**What is needed:** Please transcribe the listing that follows exactly; images are to be excluded.

**Supplied material:**
......

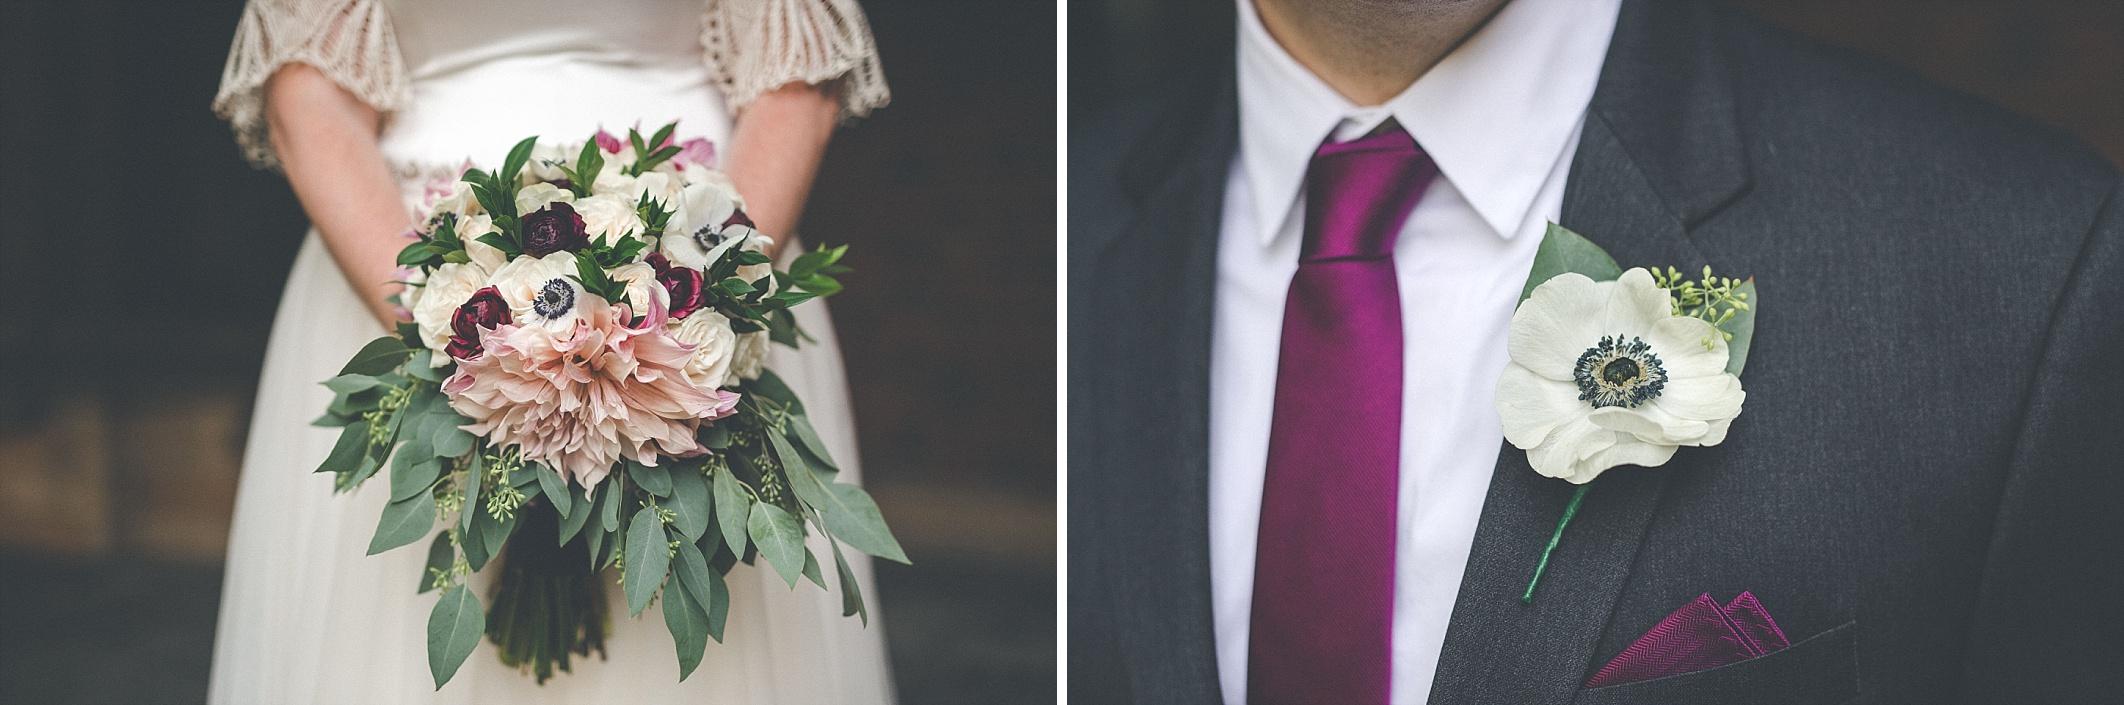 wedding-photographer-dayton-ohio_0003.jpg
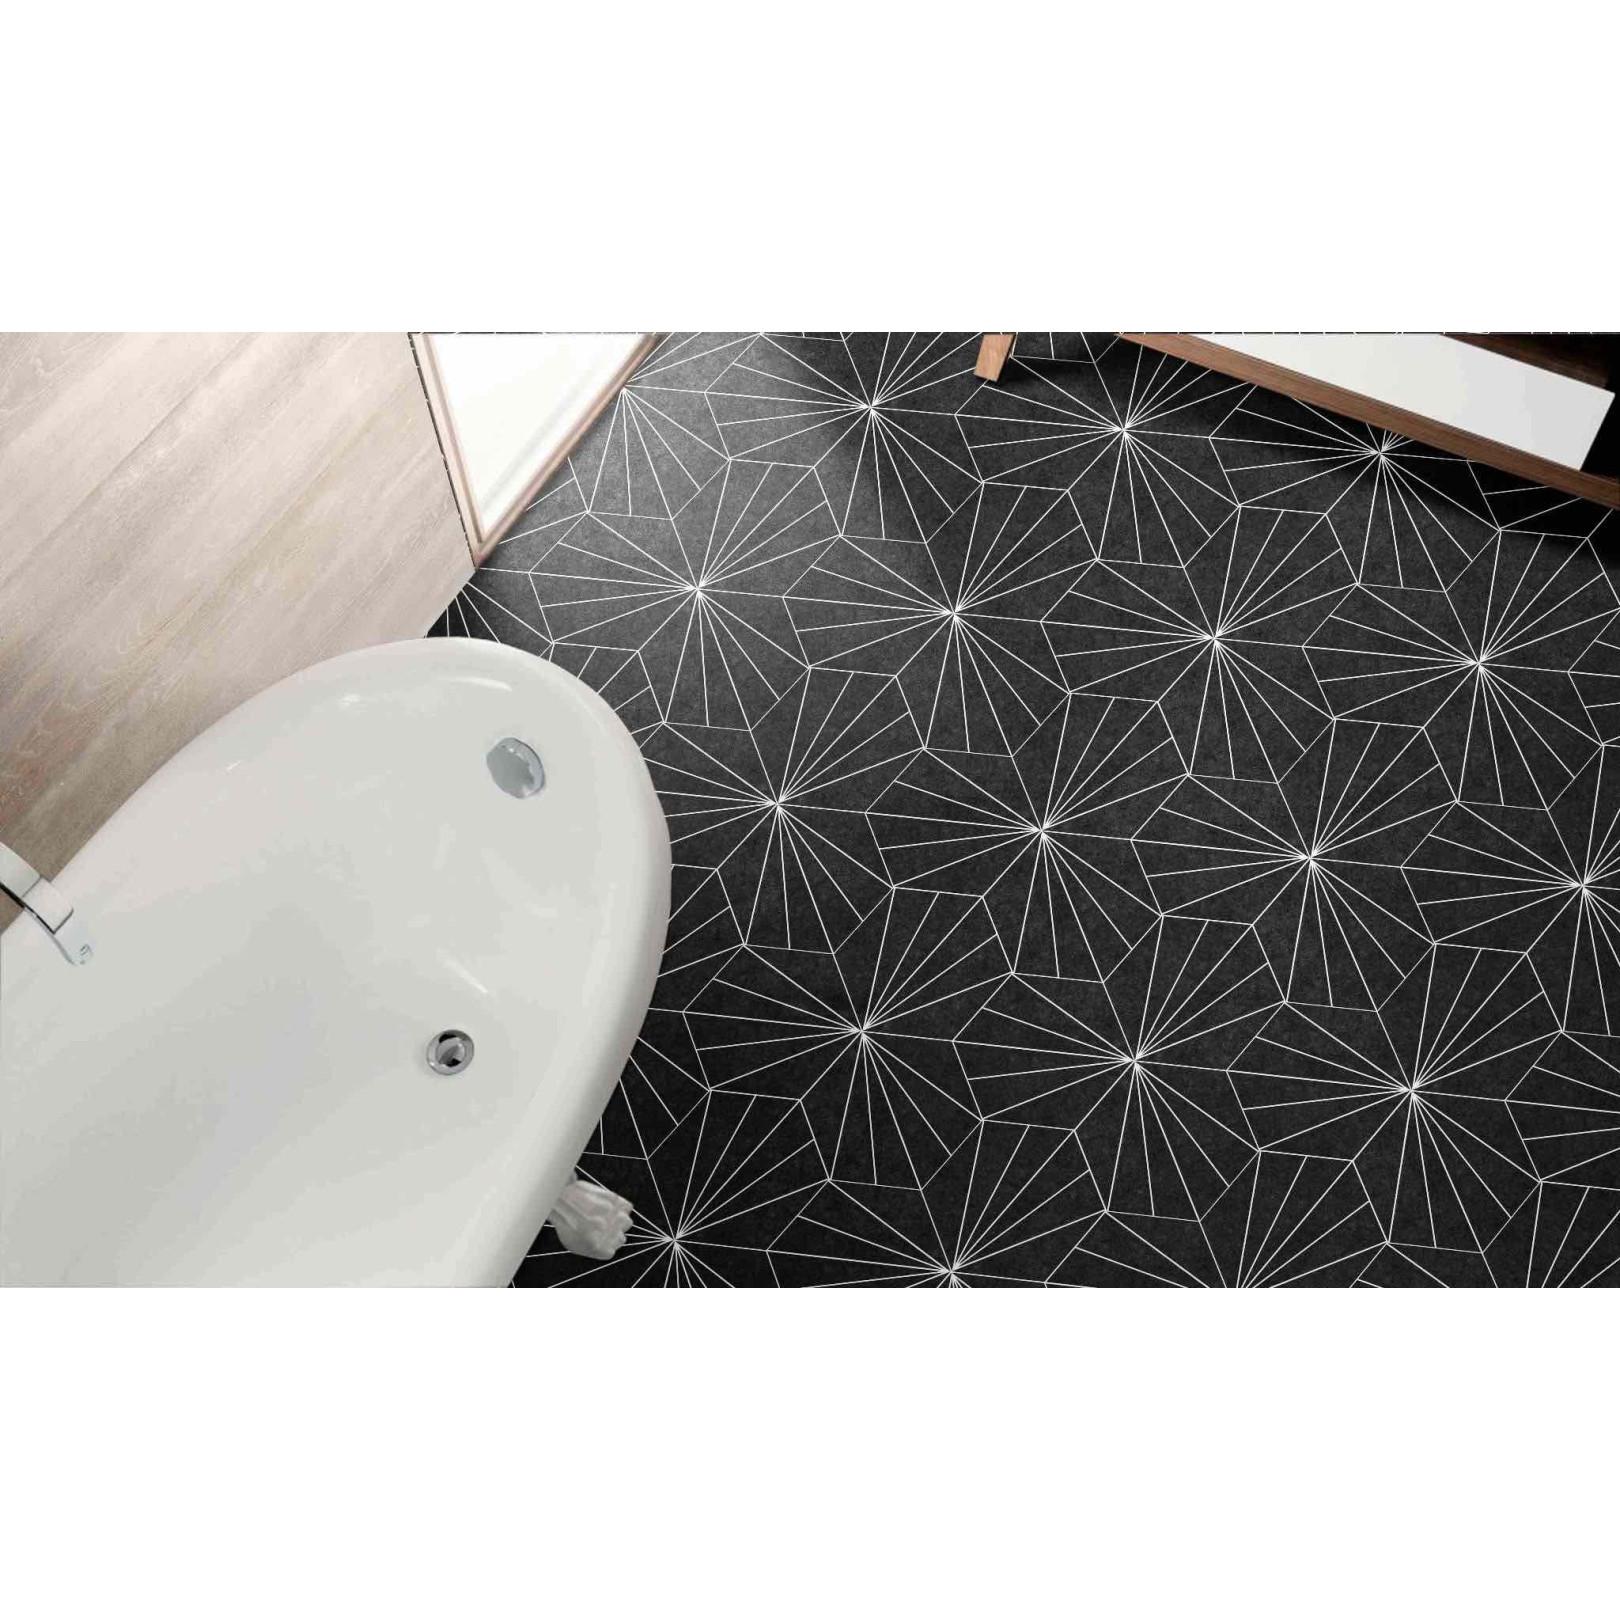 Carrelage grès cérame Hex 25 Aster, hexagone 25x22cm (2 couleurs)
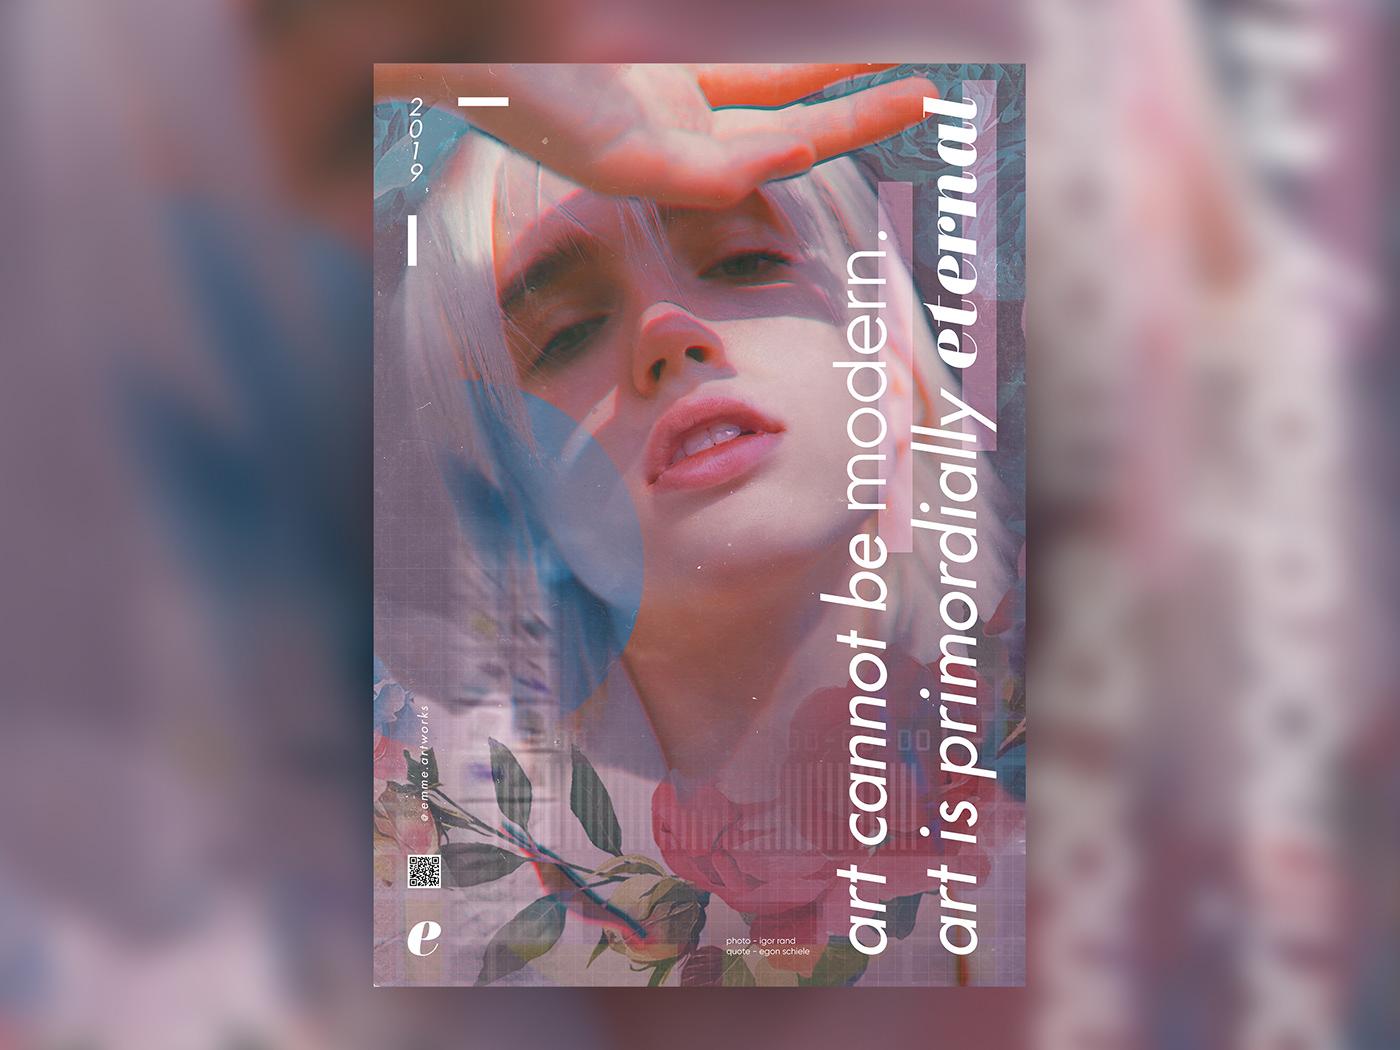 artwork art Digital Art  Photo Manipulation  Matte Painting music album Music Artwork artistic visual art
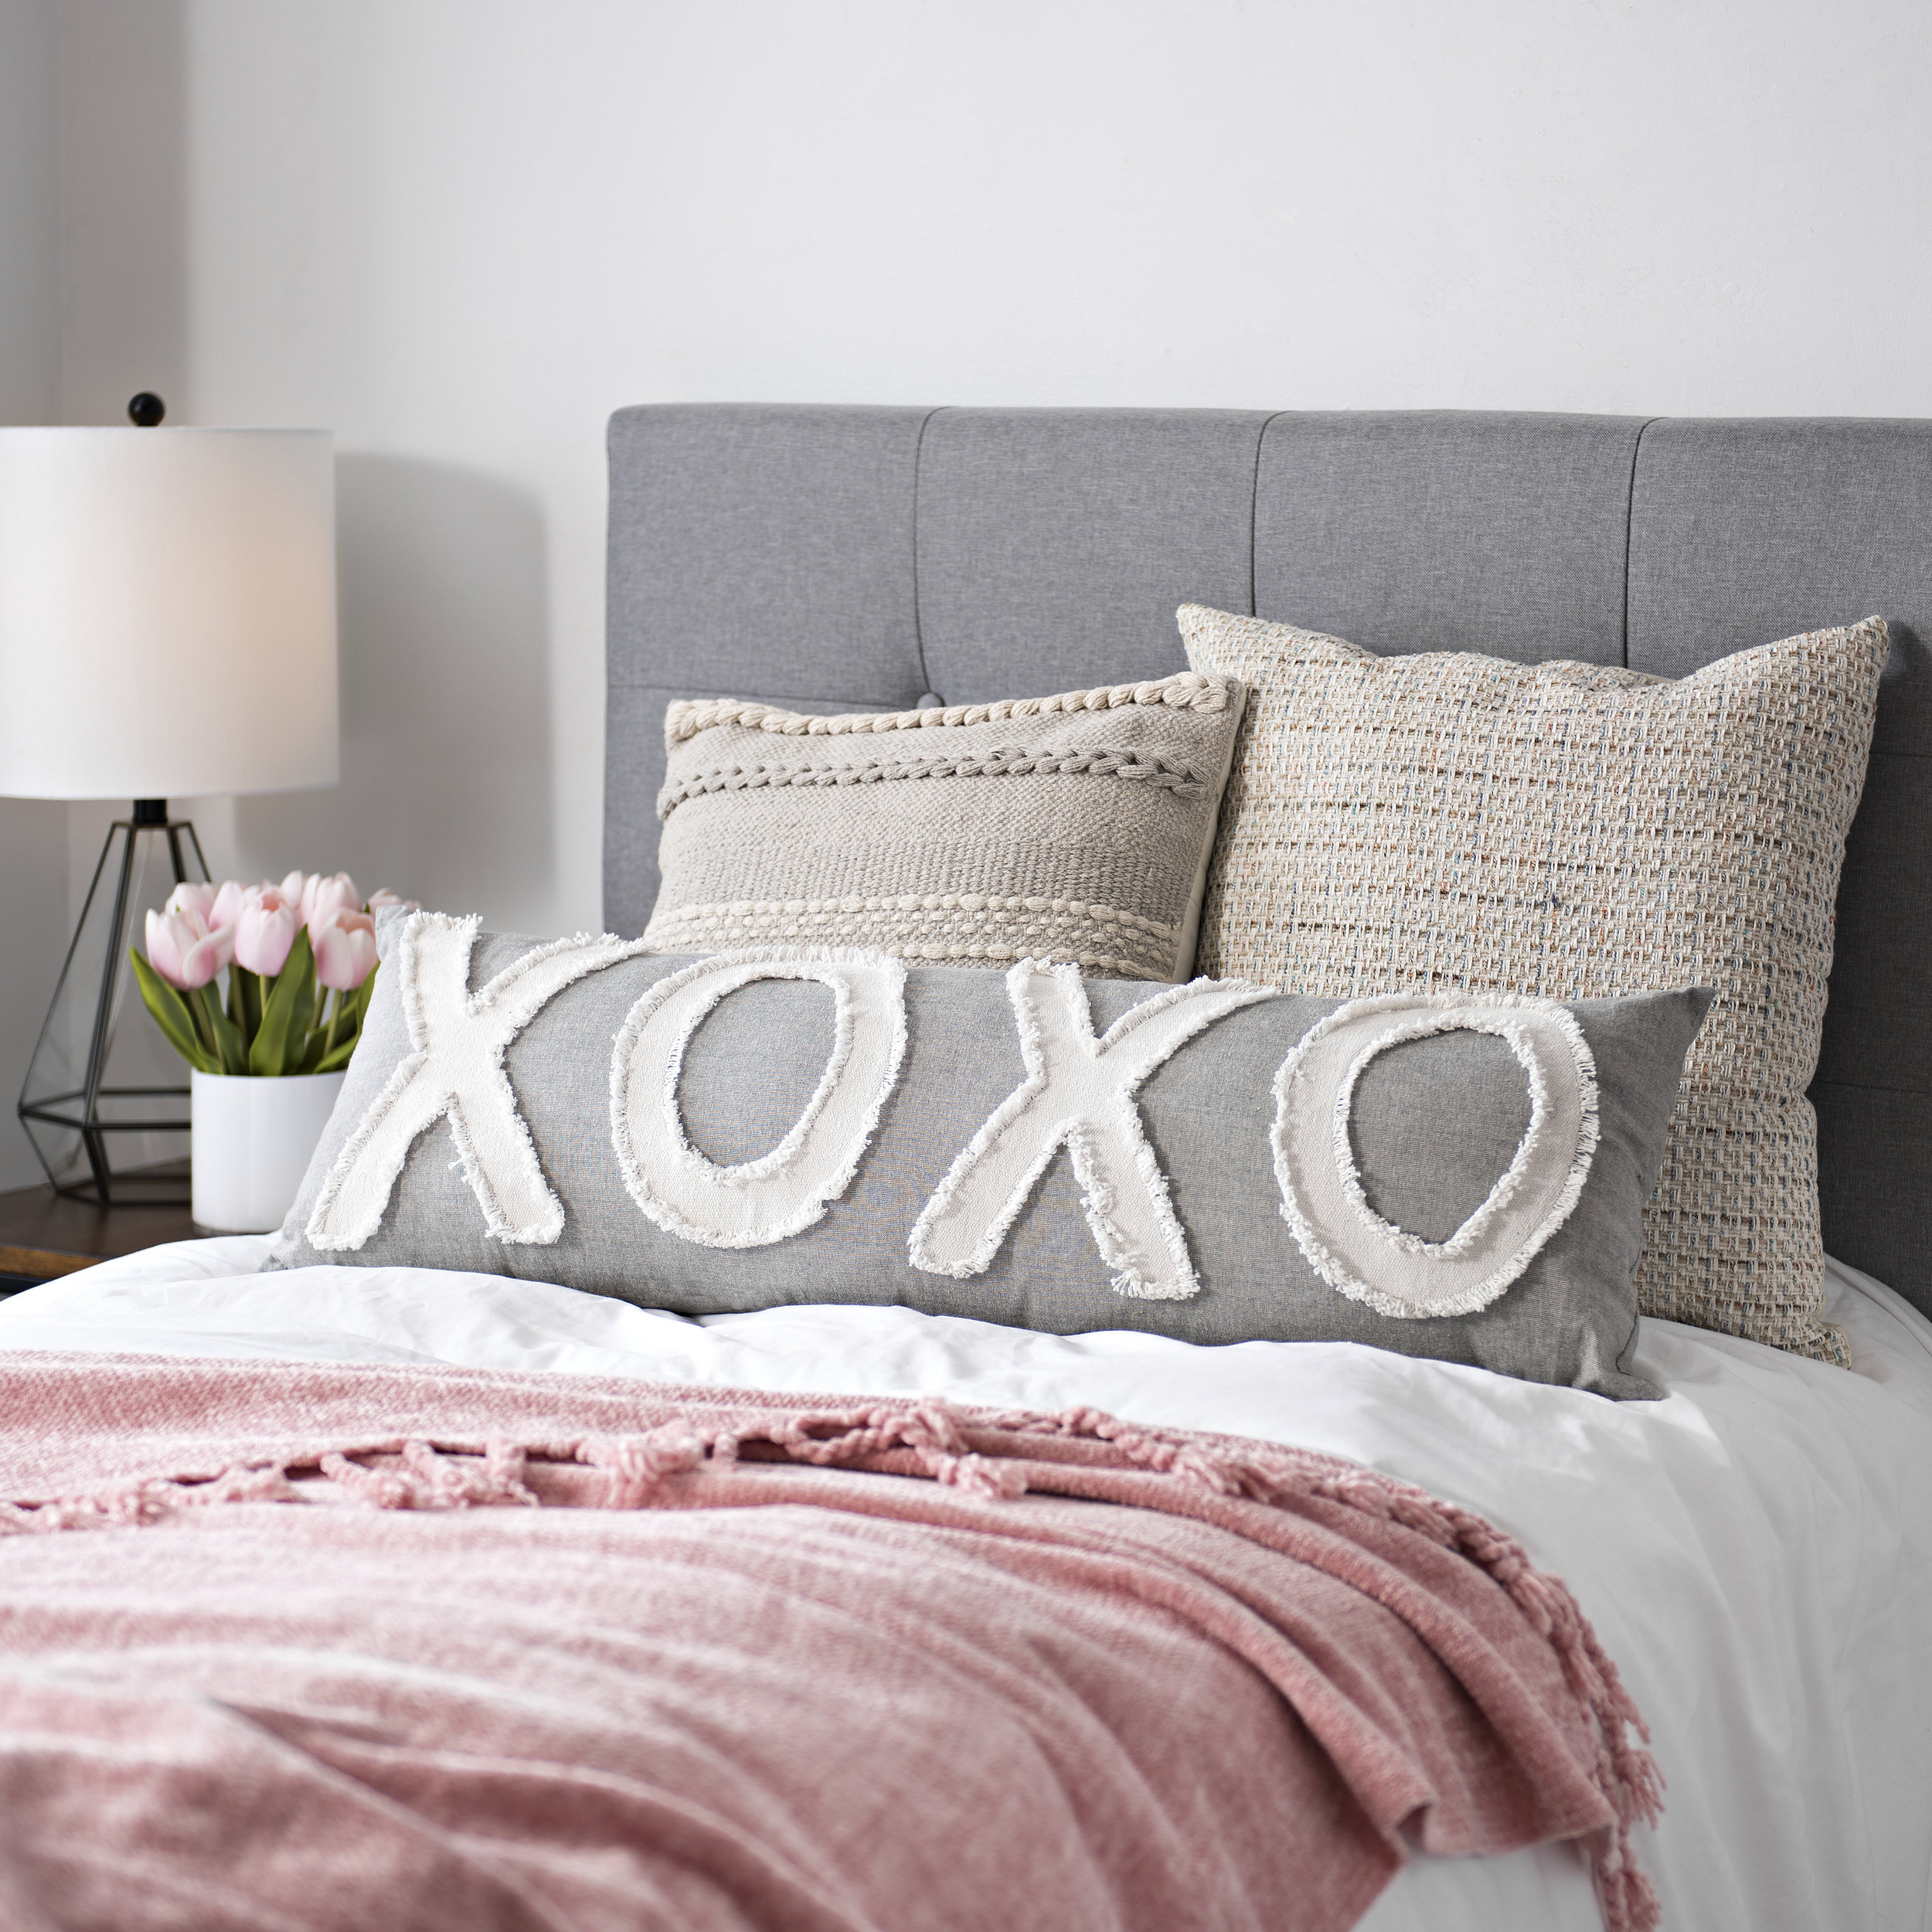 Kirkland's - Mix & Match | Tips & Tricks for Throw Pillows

......

**Exercise result:**
 wedding-photographer-dayton-ohio_0003.jpg
 Carrelage grès cérame Hex 25 Aster, hexagone 25x22cm (2 couleurs)
 artwork art Digital Art  Photo Manipulation  Matte Painting music album Music Artwork artistic visual art
 Kirkland's - Mix & Match | Tips & Tricks for Throw Pillows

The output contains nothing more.